Bug 182998

Adding Stephen to avoid the total communication breakdown between rpm devel and 
the SELinux devel folks as already mentioned in bug #175557.

Jeff favorites "SELinux out of rpm using dlopen" instead of the current solution 
(see MLS patch in latest Rawhide rpm version). "The ABI issues wrto libselinux 
are extremely hard to deal with in a statically linked binary that noone is 
upgrading. Deeper than ABI, MLS is semantic change to type set by libselinux."

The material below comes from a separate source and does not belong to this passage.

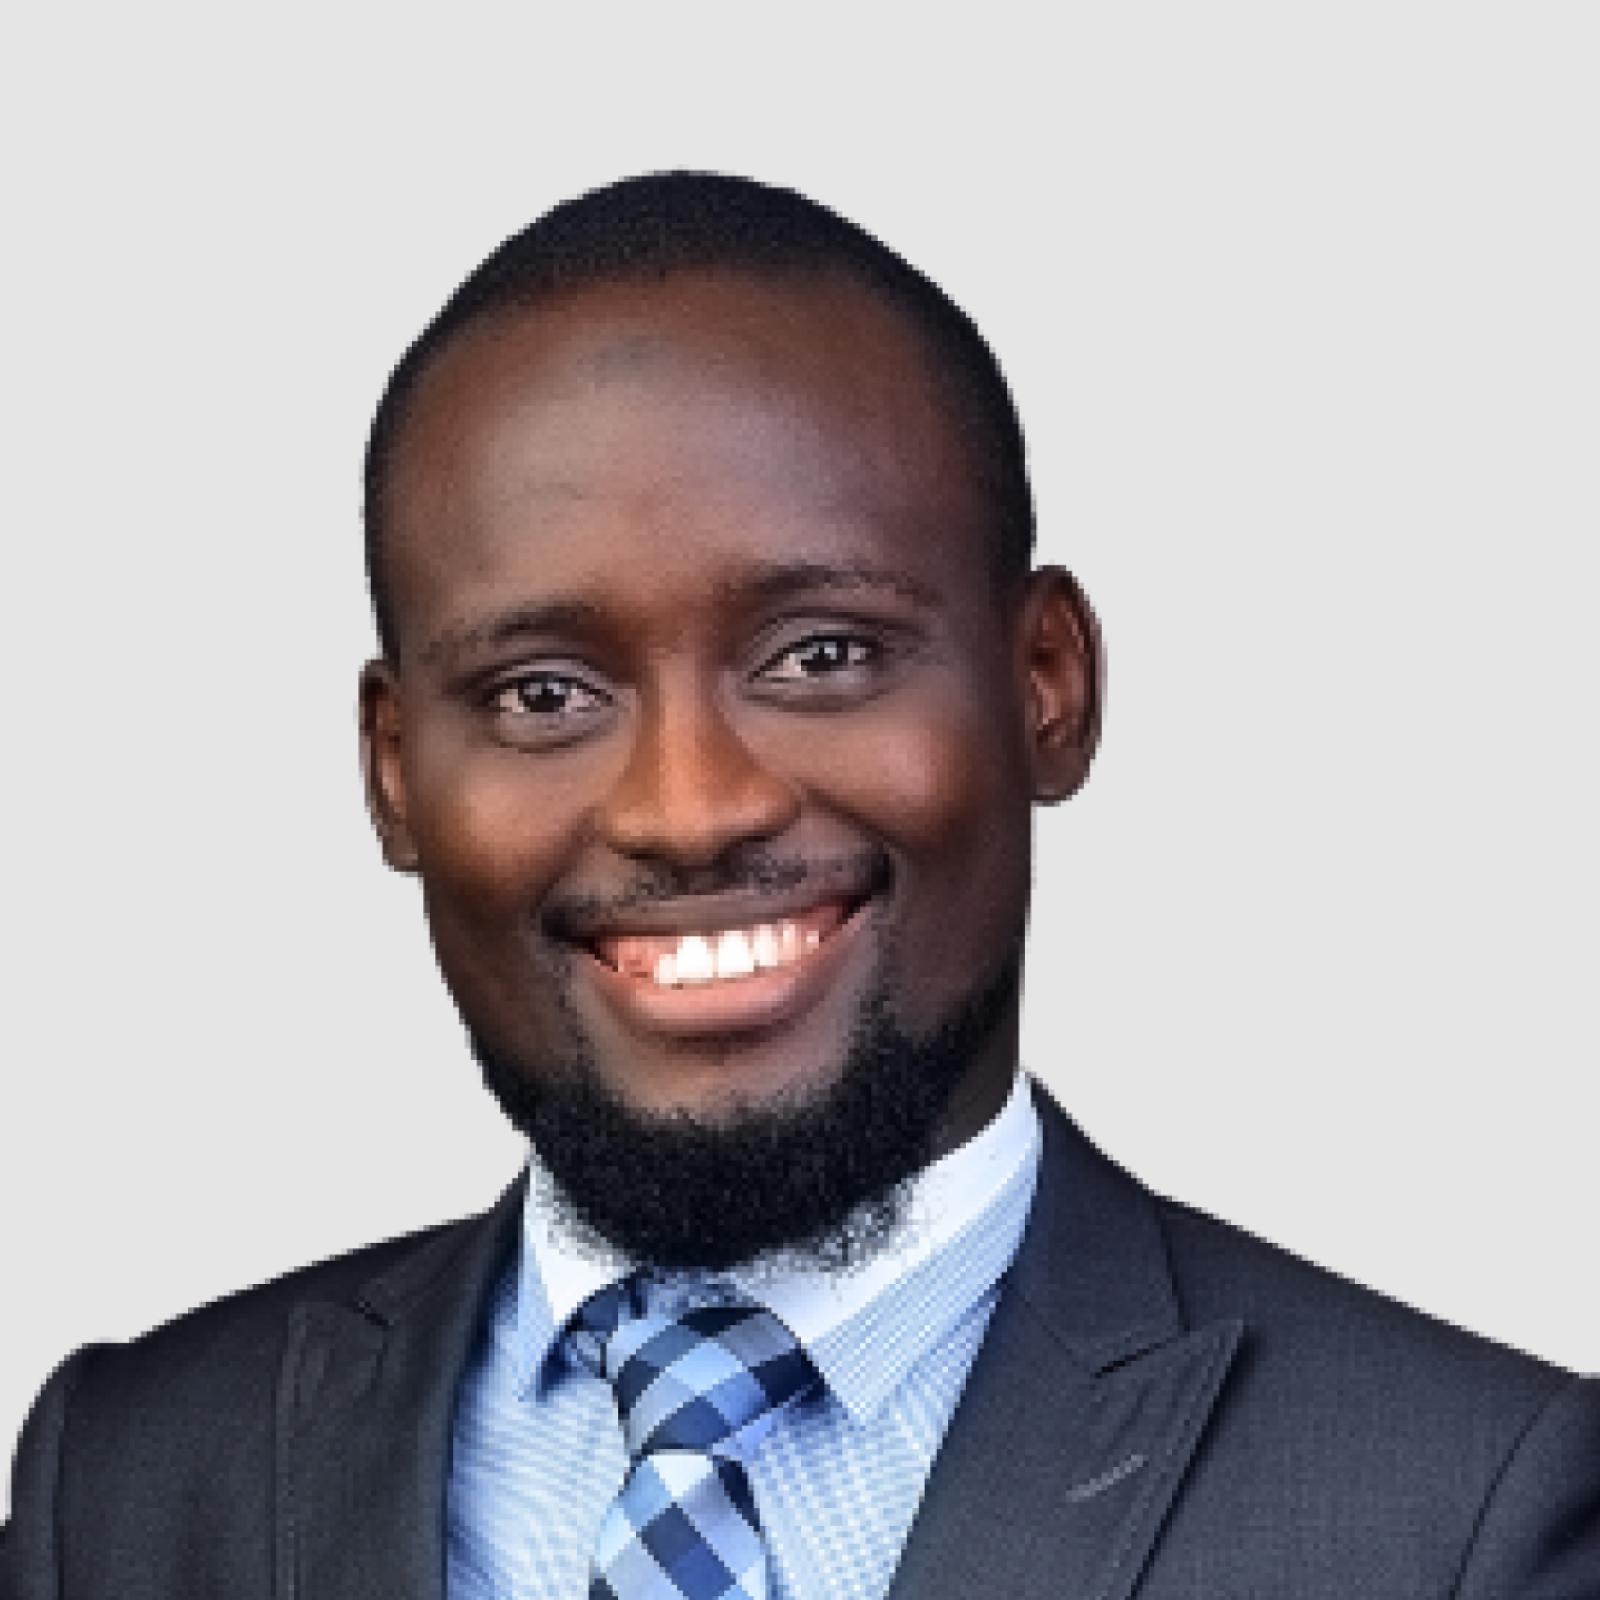 https://devafrique.com/wp-content/uploads/2021/07/Saheed_Saliu__Consultant_-_Nigeria_-removebg-preview.png

Stephen, any chance to get this soon solved in a sane way Jeff likes? If my C 
knowledge would be good enough, I already would have written what is needed for 
*enthusiastic is*.

Not sure what is referenced by 'MLS patch in latest Rawhide rpm version'.
I see two SELinux-related patches in current Fedora CVS devel tree:
1) rpm-4.4.2-contextverify.patch (which appears to just be an issue of copying
the context and for some reason adds guards to the freecon() calls, even though
freecon() just calls free() and free(NULL) is ok),
2) rpm-4.4.2-matchpathcon.patch (which is the change to rpm to call matchpathcon
to obtain the context to apply to a file rather than internally duplicating the
setfiles logic).

The latter one in particular is a natural step in de-coupling SELinux from rpm
by moving SELinux-specific logic out of rpm into libselinux.

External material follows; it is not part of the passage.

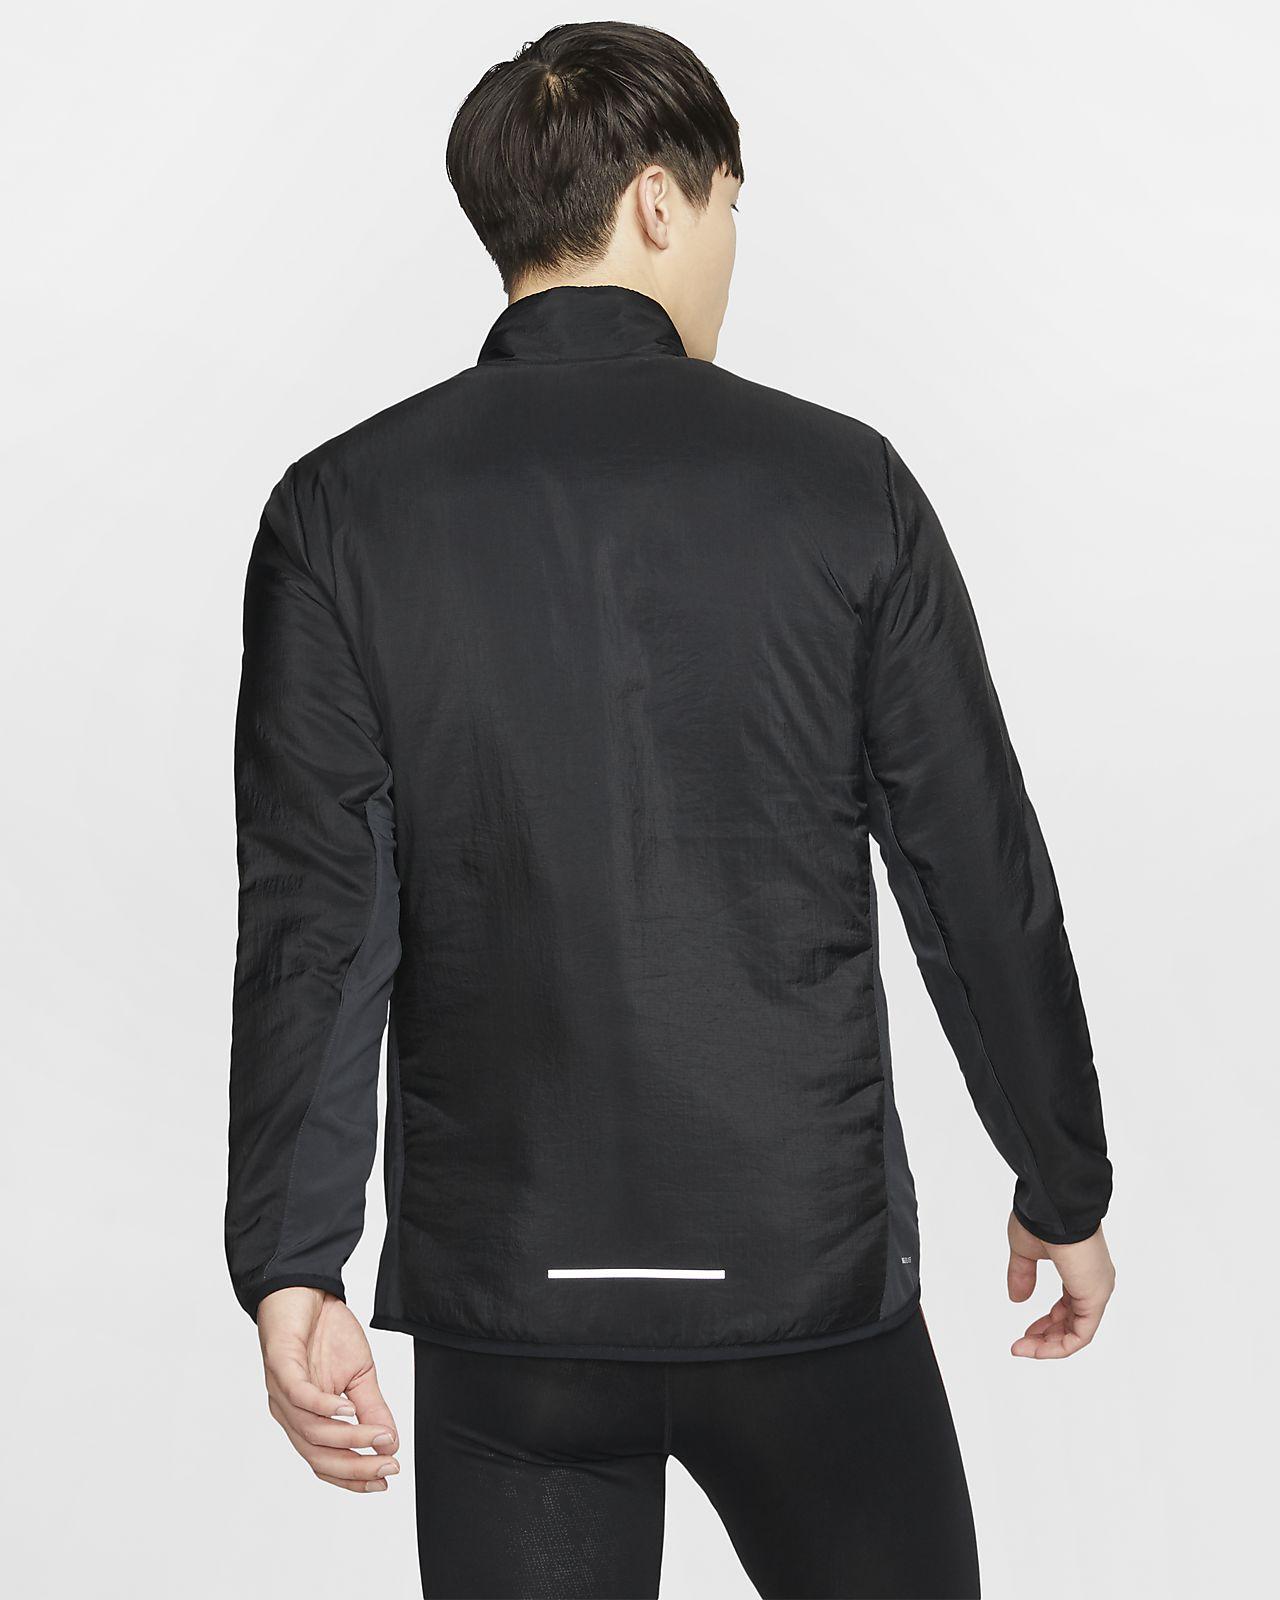 Casaco de running Nike AeroLayer para homem

rpm shouldn't care about MLS or no MLS; it just gets the contexts to apply from
matchpathcon as complete strings and feeds them to lsetfilecon, and never needs
to care whether the context has a MLS component or not.  And even in the static
case, libselinux determines whether MLS is enabled at runtime based on the
kernel's /selinux/mls value, so it adapts as appropriate.

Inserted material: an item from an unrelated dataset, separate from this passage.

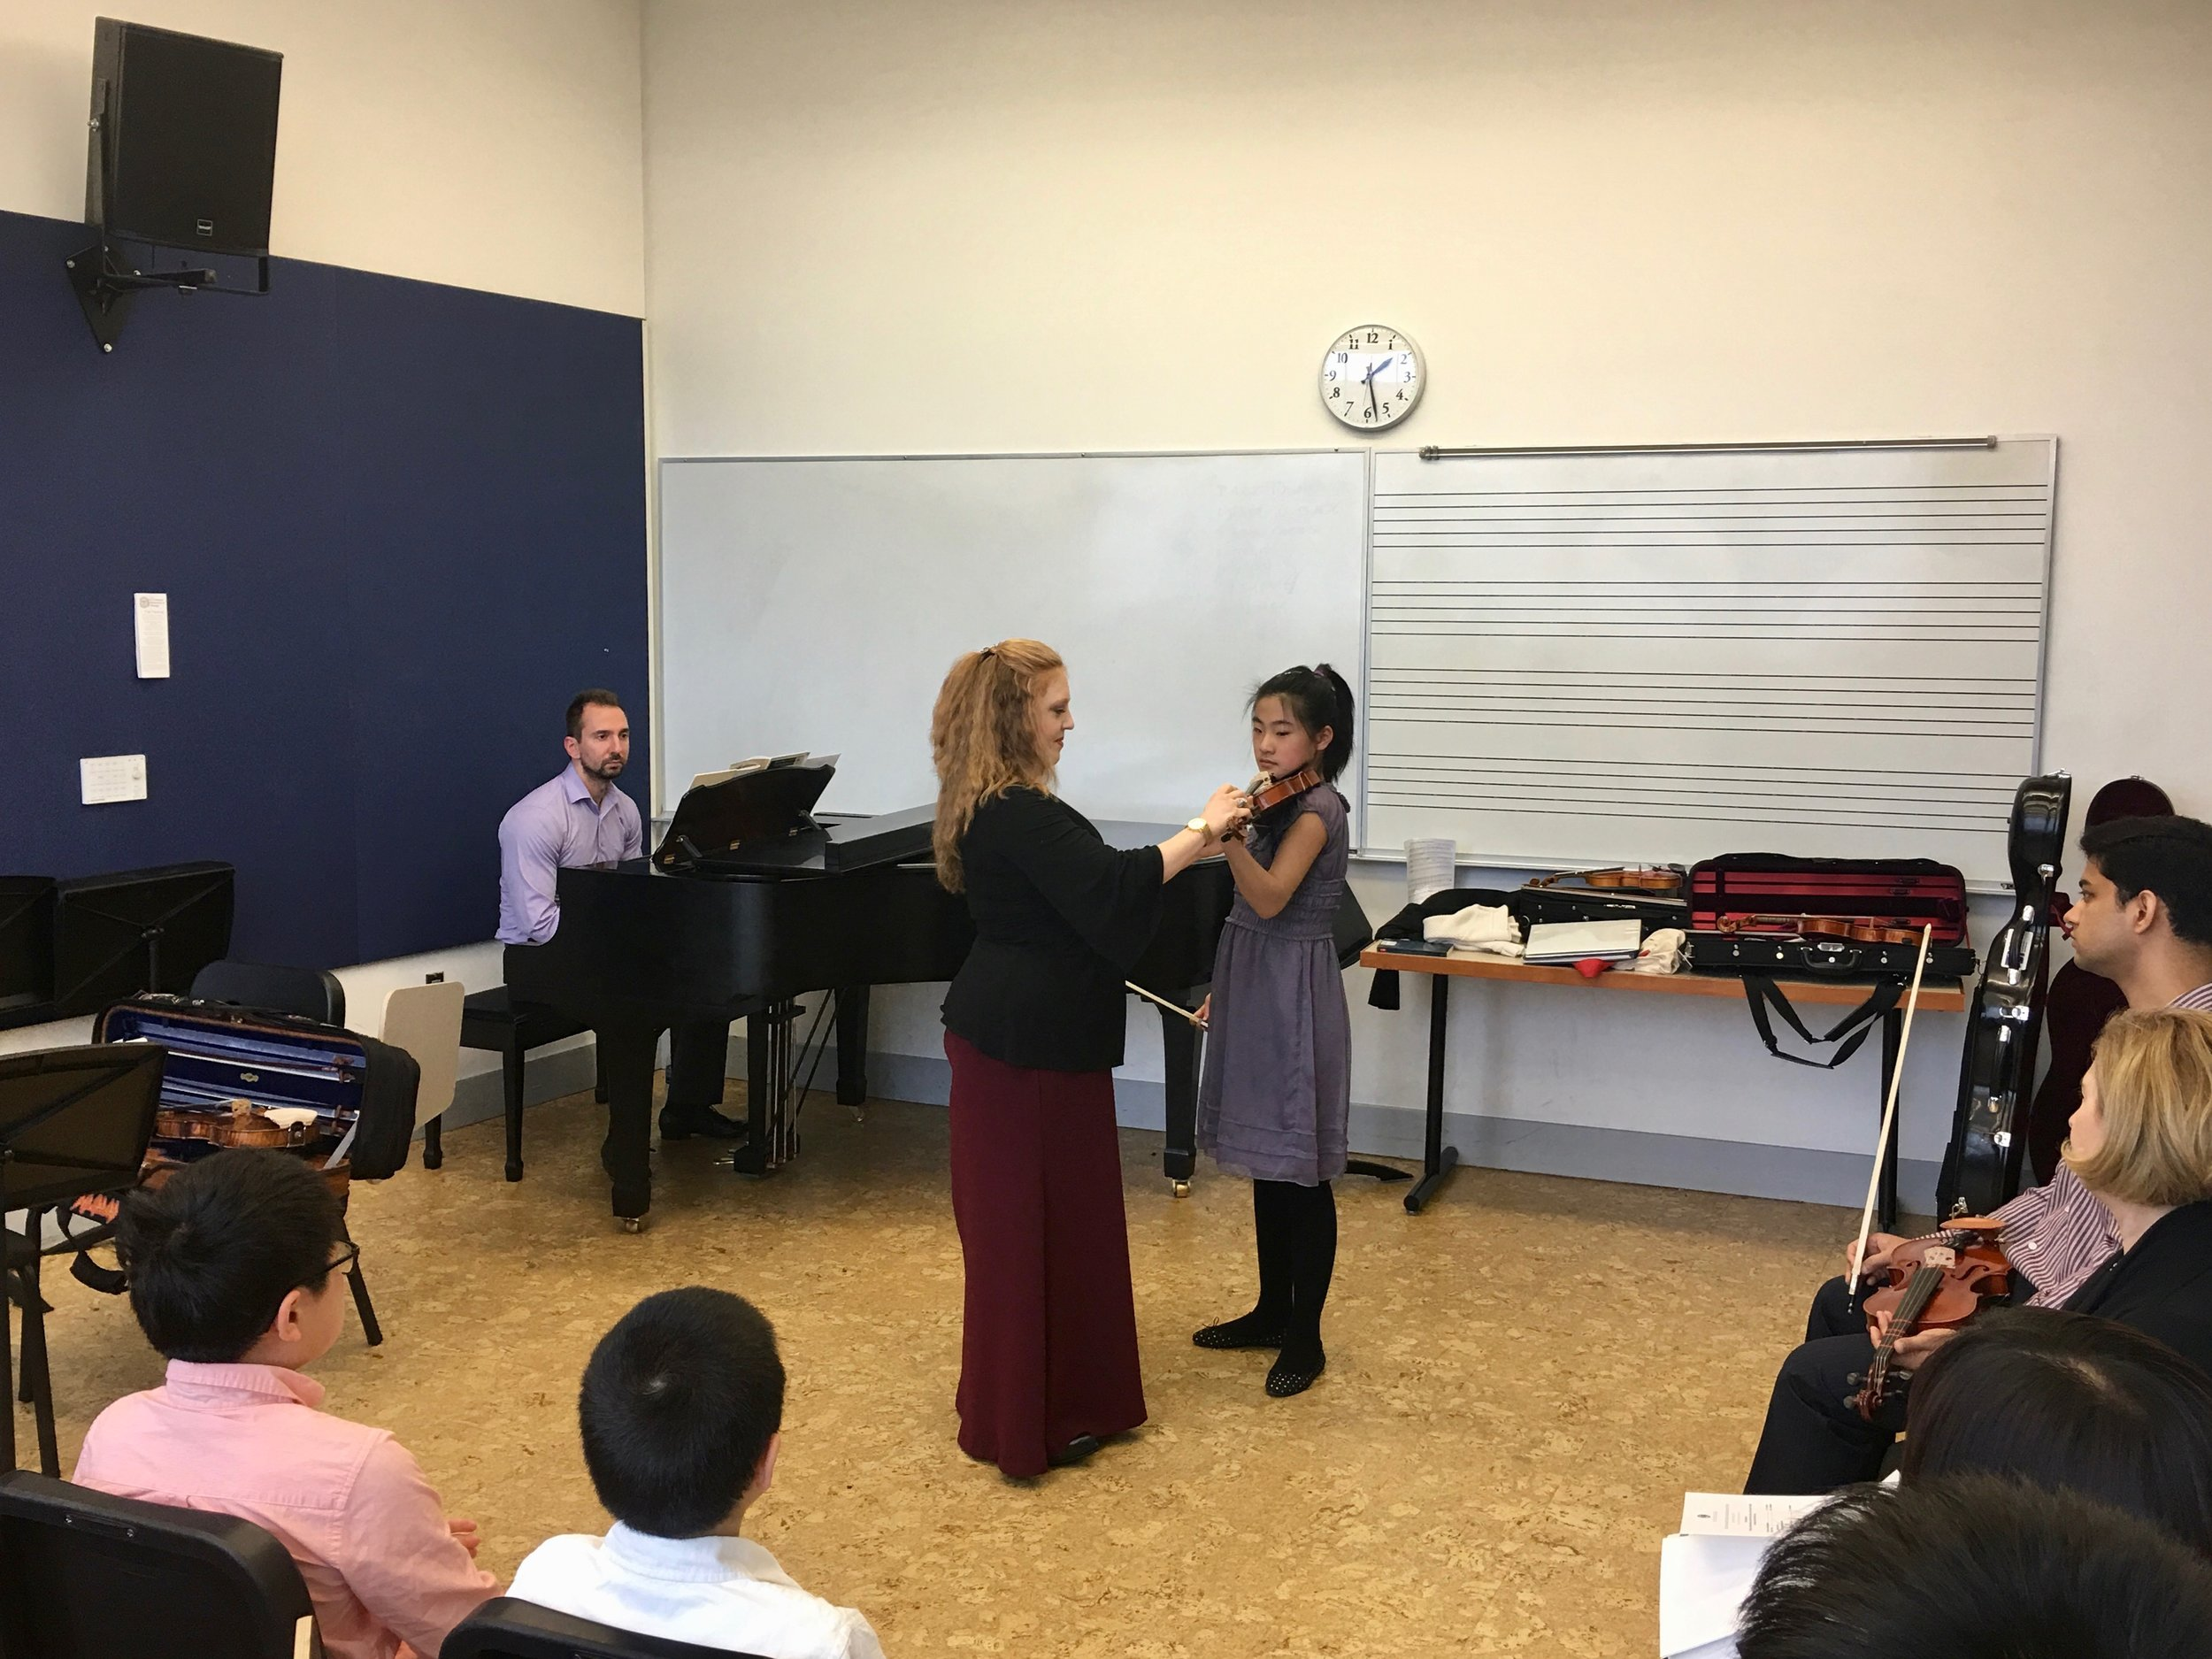 Angela and Rachel work on Minuet 1 by Bach.

I don't really understand why the matchpathcon changes never went upstream in
rpm; no one ever came back and said "This can't be done because X, Y, and Z". 
We can't fix it if we don't know it is broken, and the rpm SELinux integration
has been handled by Red Hat anyway - we never wrote those patches for rpm, just
the library side of the interfaces.

The matchpathcon patch was not integrated into rpm because it broke the
ability to buildusing --disable-selinux. This info was delivered several
times.

The other patch was critiqued here in bugzilla.

Static binaries that link selinux *must* be upgraded
when libselinux is modified in order to see deeper
changes like MLS. And those selinux changes must be reflected
into rpm packaging with conflicts (and more) in order to
establish which versions of rpm interoperate with which
features of libselinux. That is not as simple as checking
the value of /proc/mls at runtime.

Another issue is
    Why is it rpm's role to verify file contexts?

And how is that verification to be done meaningfully
if the answer depends on other obscure features like /proc/mls
or whatevere data matchpathcon uses is being set correctly?

Ping? Maybe a bit off-topic, maybe not: WTF does /sbin/mcstransd from the 
mcstrans package do except consuming (wasting seems more suitable for me)
lots of CPU time all the time (around 7% of CPU)?

Hopefully that crazy CPU-wasting daemon "mcstransd" isn't that useless it 
currently looks like and is doing something useful, for example labeling and 
verifying files and directories using the "SELinux policy of the day". But
the daemon isn't doing such a useful thing, right? Corrections are always 
cheerfully accepted, of course. Guessing, it's another new stuff out of the 
"SELinux of the day"-box jbj already mentioned in IRC ;-)

rpm-4.4.7 no longer verifies selinux file contexts.